For the tests, the 100 engines and the 100 flight parameters combinations that were not used for CPTs estimation were employed. For each engine and each flight condition, one healthy and three fault scenarios were simulated for each component, as presented in Table 4, for a total of 3200 tested points.
Gaussian noise was added to all sensor data. As mentioned in Section 2, the results of the hybrid adaptive model and BN approach were compared with the results obtained by the BN alone and the outcomes of the adaptive model alone, following the scheme of Figure 4.
To test the capability to detect a mechanical fault, the training space was enlarged to include bleed valve leakage in each engine of the fleet and at each flight conditions ranging from 0 to 4%. Then, a BV leakage was simulated for the tested engines at 1.5% and 3% of the nominal flow.

4. Results

First, the most suitable sensor set for the model adaptation procedure was identified based on the method described in Section 2. This step was applied to determine which measurements would be required in an ideal case, and more realistic sensor sets were successively considered for comparison. The influence of each performance deviation factor on the uncorrelated measurements is shown in Figure 5 (for the variables number, refer to the diagram in Figure 1).
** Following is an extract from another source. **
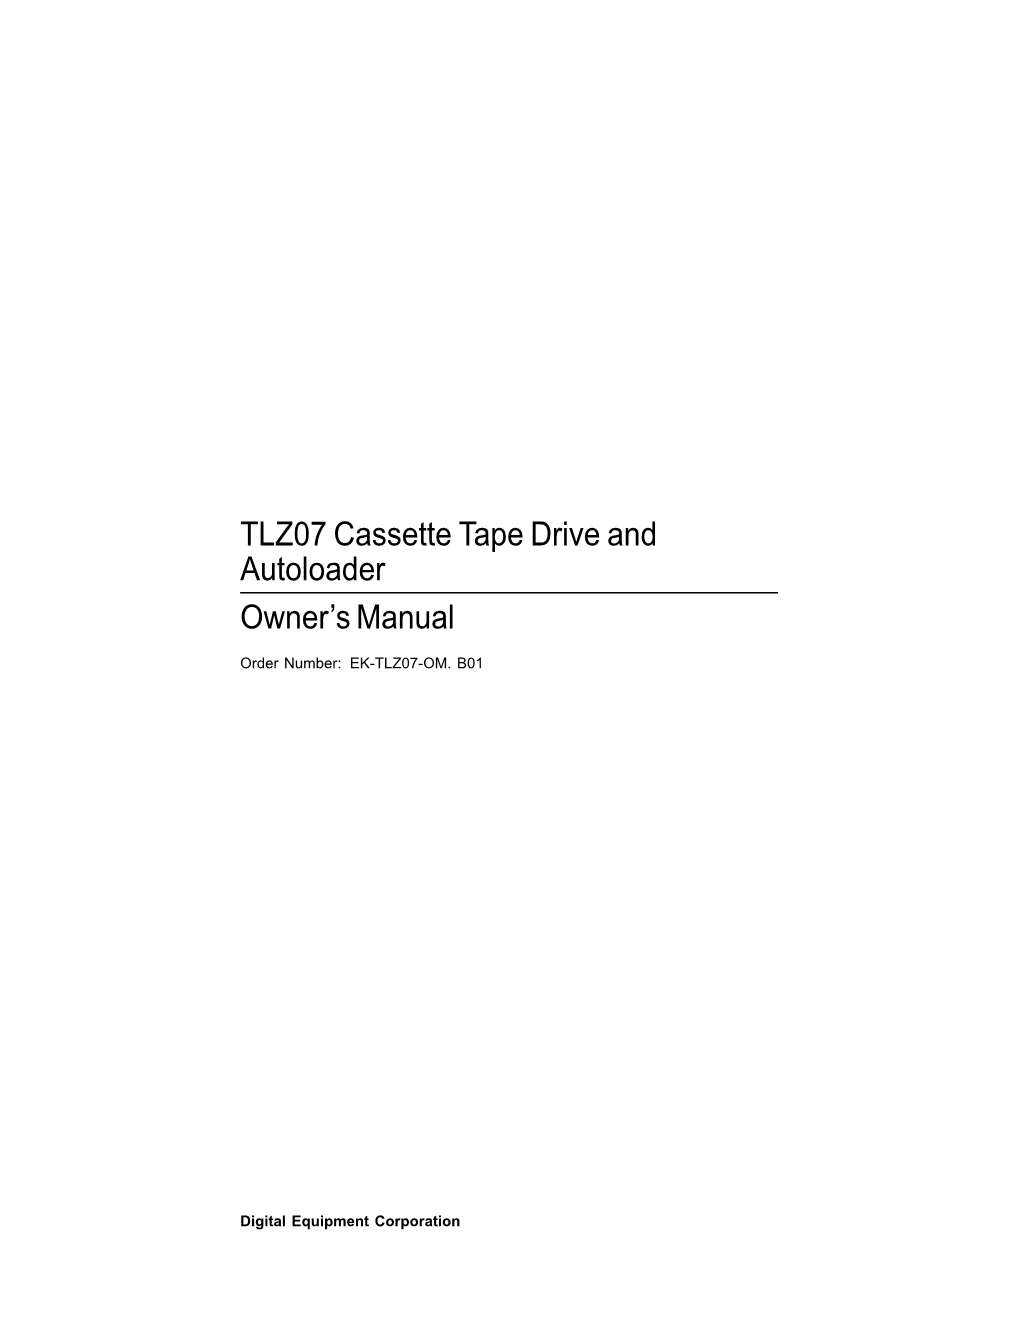 TLZ07 Cassette Tape Drive and Autoloader Owner’S Manual

The bars in the Figure represent the deviation in the normalized measurements as in the influence matrix of Figure 2 induced by 1% performance change. Where the induced deviation was smaller than 3σ (i.e., sensor standard deviation) for all simulated faulty cases, the sensors were discarded. For example, T43, T46, W2, and W13 were discarded at this stage. Measurements of fan and IPC inlet flow are often available during pass-off tests and it was hence interesting to evaluate their potential use in the adaptation scheme for baseline generation. However, their impact in the influence matrix led to discard them.
From the plots of Figure 5, it was noted that Δ W ¯ HPC had a very small influence on the available measurements; therefore, detection of HPC fault was expected to be more difficult. The sensors selected for the matching scheme are listed in Table 5 with considered noise level together with the sensors for the fuel flow and for ambient conditions.
The fuel flow was not used for model adaptation purpose but rather as input to run the model in the same condition as the real engine. It can be observed from Table 1 that all the sensors necessary to build the required adaptation scheme could be normally installed on a civil aircraft. Please note that in this work, diagnostics was performed with simulated flight data; analyses performed during pass-off tests on the ground would benefit from a larger sensor suite and possibly higher measurements accuracy, hence a different matching scheme could be selected.
The sensor set in Table 5 is denoted as Set1. In this work, the influence of sensors selection was studied by implementing the proposed method on other two possible sets of available measurements. Set2 includes the measurements in Set1 except N46 and p43, while Set3 lacks N44 and p46 measurements. Hence, the adaptation scheme has to discard two performance deviation factors for each of these two sensors sets. According to the methodology illustrated in [38] and the influence diagrams in Figure 5, ΔηHPT and ΔηLPT were removed from the Set2 scheme, while Δ W ¯ IPC and Δ W ¯ LPT were removed from the Set3 scheme.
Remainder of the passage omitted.